CMPSCI 383: Artificial Intelligence

Fall 2014 (archived)

Exam 1 Review

The first exam will be given on Thursday, 25 September in HAS 134 at 1900. The exam will cover material discussed in lectures from September 2 (the introductory class) to September 23 (Constraint Satisfaction) and the corresponding chapters of Russell & Norvig listed on the schedule.

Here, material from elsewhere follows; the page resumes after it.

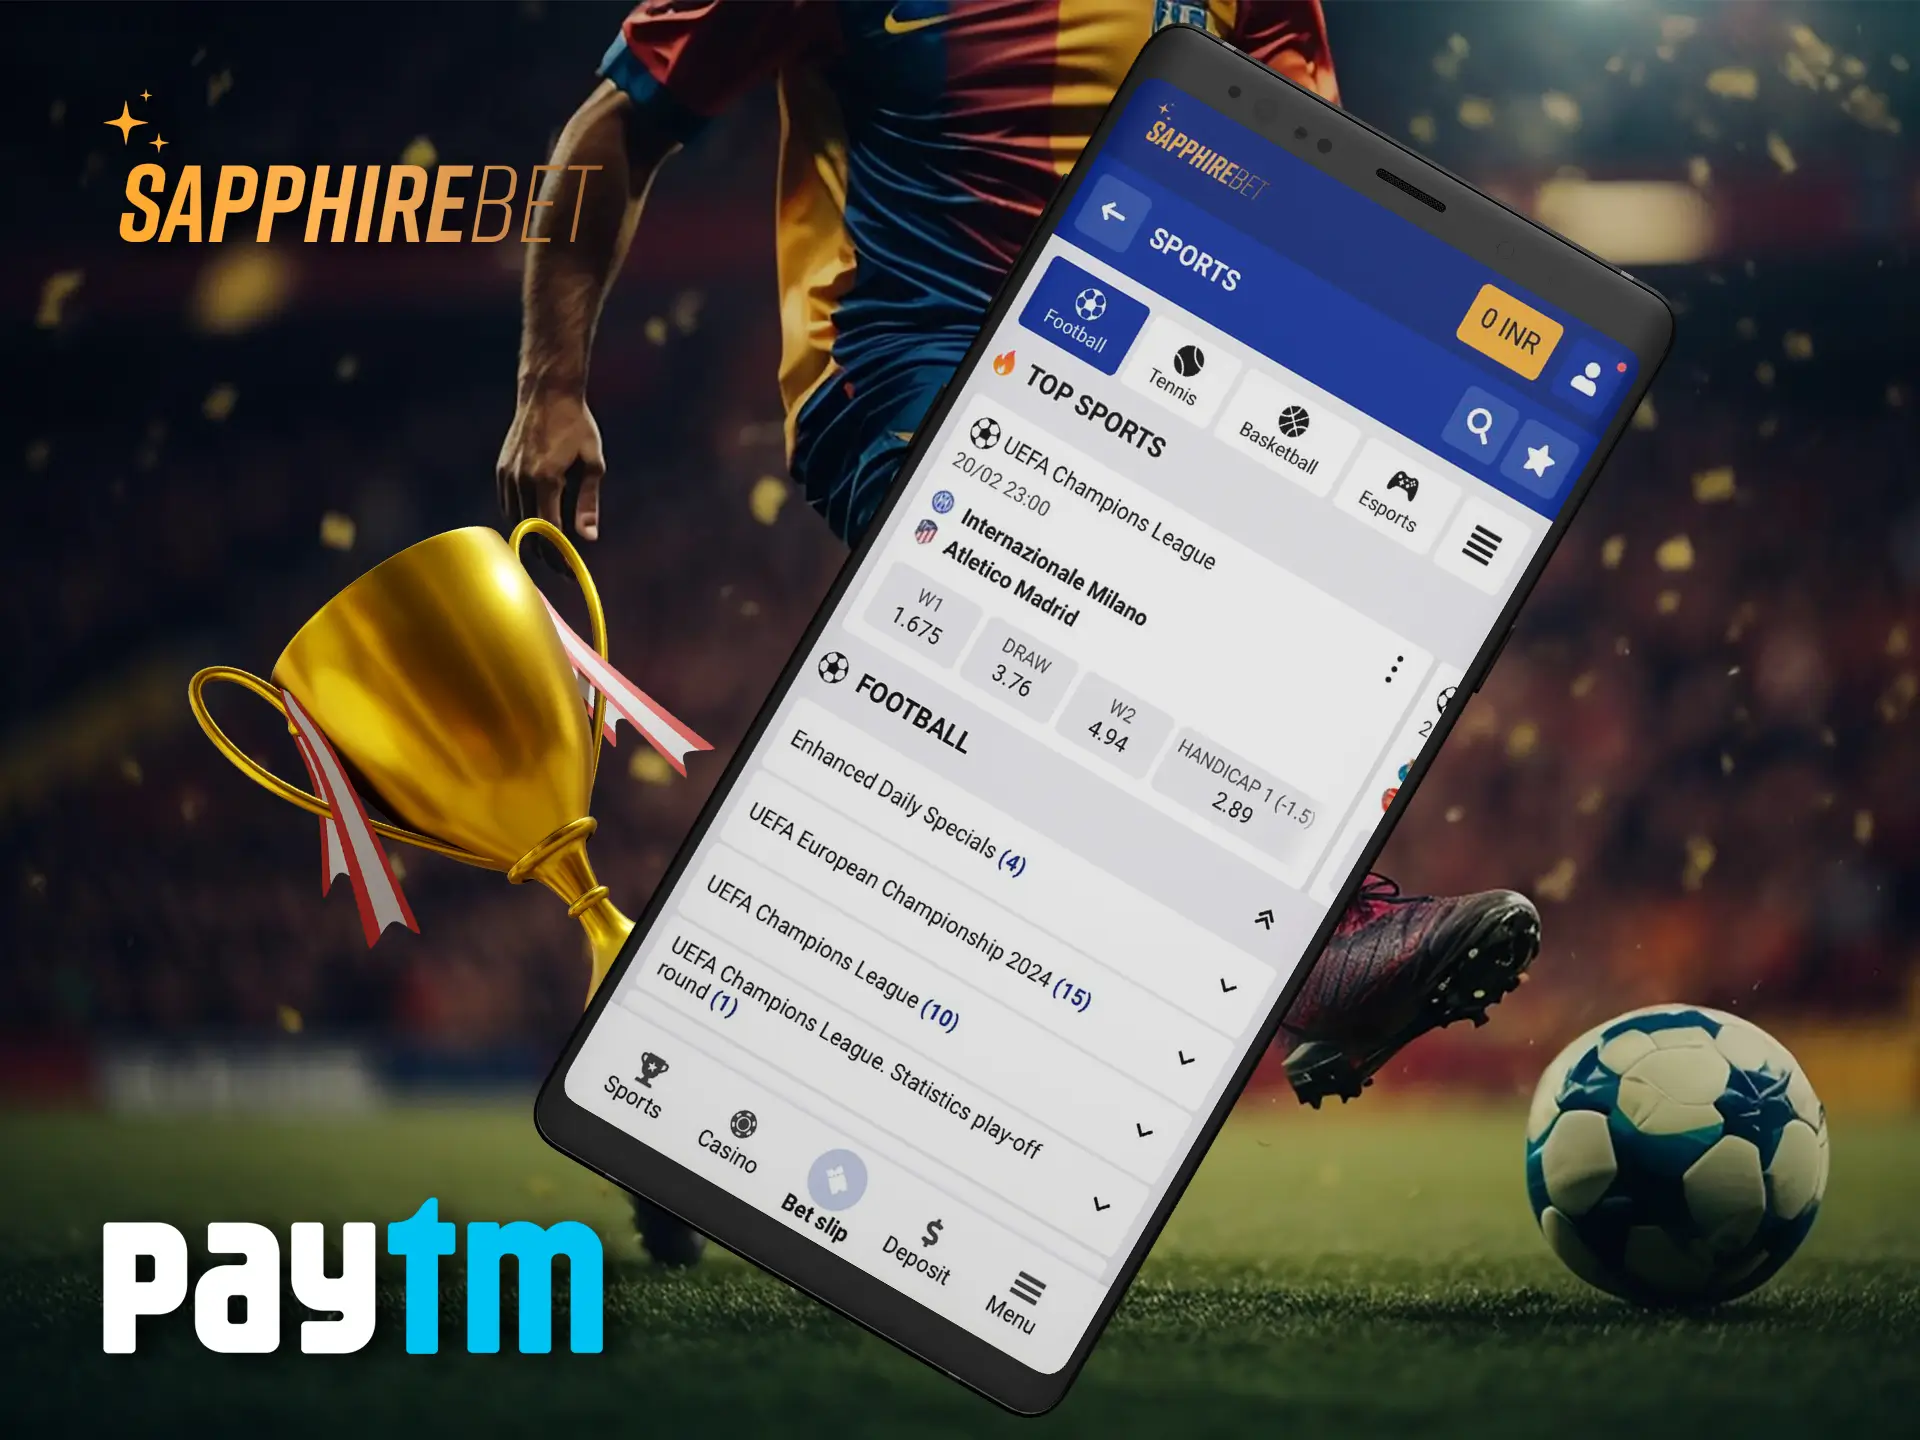 The SapphireBet app is designed for all platforms and has a withdrawal option via PayTm.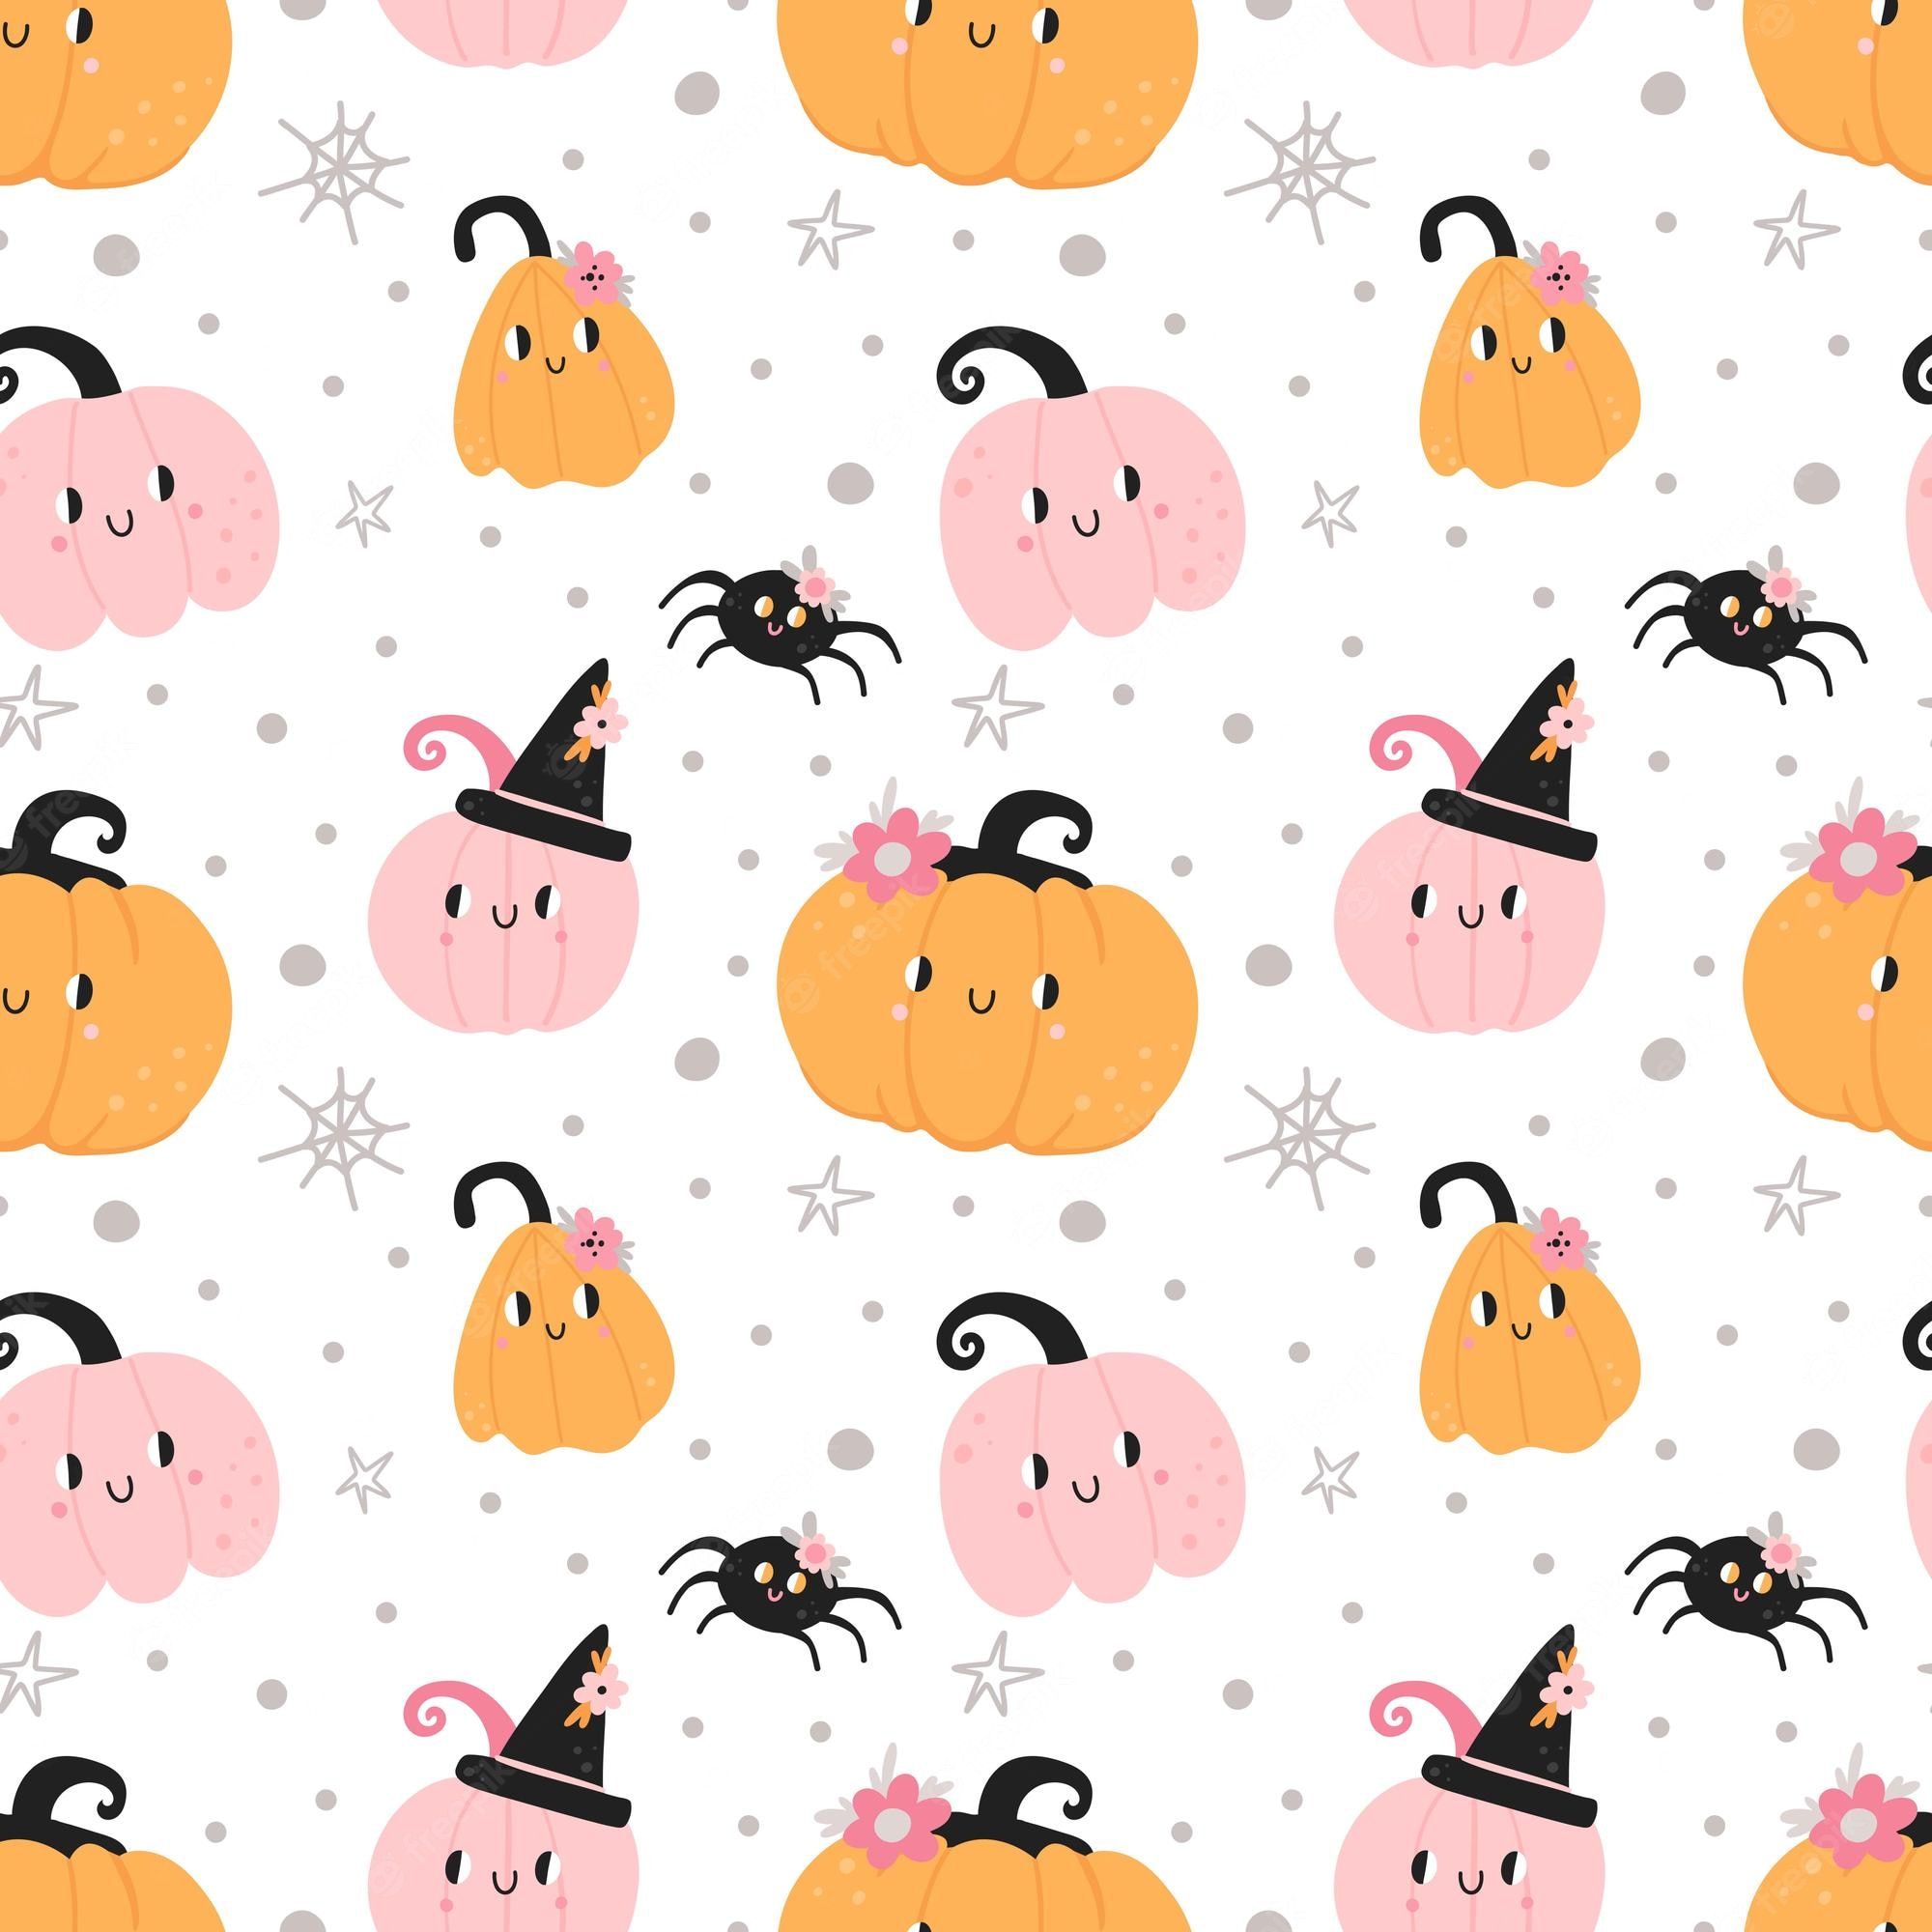 A pattern of smiling pumpkins and spiders. - Cute Halloween

The questions below cover the topics that may appear on the exam. You should be able to answer these questions. You should also be able to use the topics they cover in combination and to apply them to specific problems.

Problem-solving as search

  • What are the basic components necessary for formulating a generic search problem? What constitutes a solution? How is solution quality measured?
  • What are some of the assumptions typically made to reduce the potential complexity of a search problem?
  • What are four typical criteria used to evaluate a search algorithm?
  • Under what circumstances would you prefer depth-first search to breadth-first search?
  • What is the basic algorithm for iterative-deepening search?
  • What is the fundamental reason that iterative-deepening search is generally preferable to either breadth-first or depth-first search when performing an uninformed search?

Heuristic search

  • What is the difference between heuristic and uninformed search?
  • What is the basic algorithm for best-first search?
  • What is the basic algorithm for A* search, and under what circumstances is it optimal? How does it differ from best-first search?
  • What are the tradeoffs between inadmissible, admissible but inconsistent, and consistent heuristics?
  • What are two ways to create heuristic functions?

Local search

  • What are several types of local search algorithms?
  • What are the key advantage of local search over breadth-first or depth-first search?
  • What assumptions does local search make about what constitutes a solution?
  • What special challenges do these assumptions introduce for local search?
  • What are some methods for escaping these problems?

Adversarial search

  • What are the fundamental differences of adversarial search from conventional search?
  • What is the minimax algorithm? Is it complete and optimal?
  • How does alpha-beta pruning work, and why can it reduce the complexity of search?
  • Under what circumstances will it most reduce search?
  • How are evaluation functions typically constructed for adversarial search, given that we cannot search to all the way to the leaf nodes of the tree?
  • What changes have to be made in the search tree and the search algorithm to represent games with a chance element and evaluate moves in those trees?
  • What other methods are used to improve adversarial search?

Constraint satisfaction

  • What are constraint satisfaction problems? How do they differ from traditional heuristic search problems?
  • What data structure provides a general representation of many CSPs?
  • What generic search techniques can be applied to solve CSPs?
  • What are three types of methods for improving the performance of CSP algorithms?
  • How can you define CSPs as a local search problem? What would be a good evaluation function?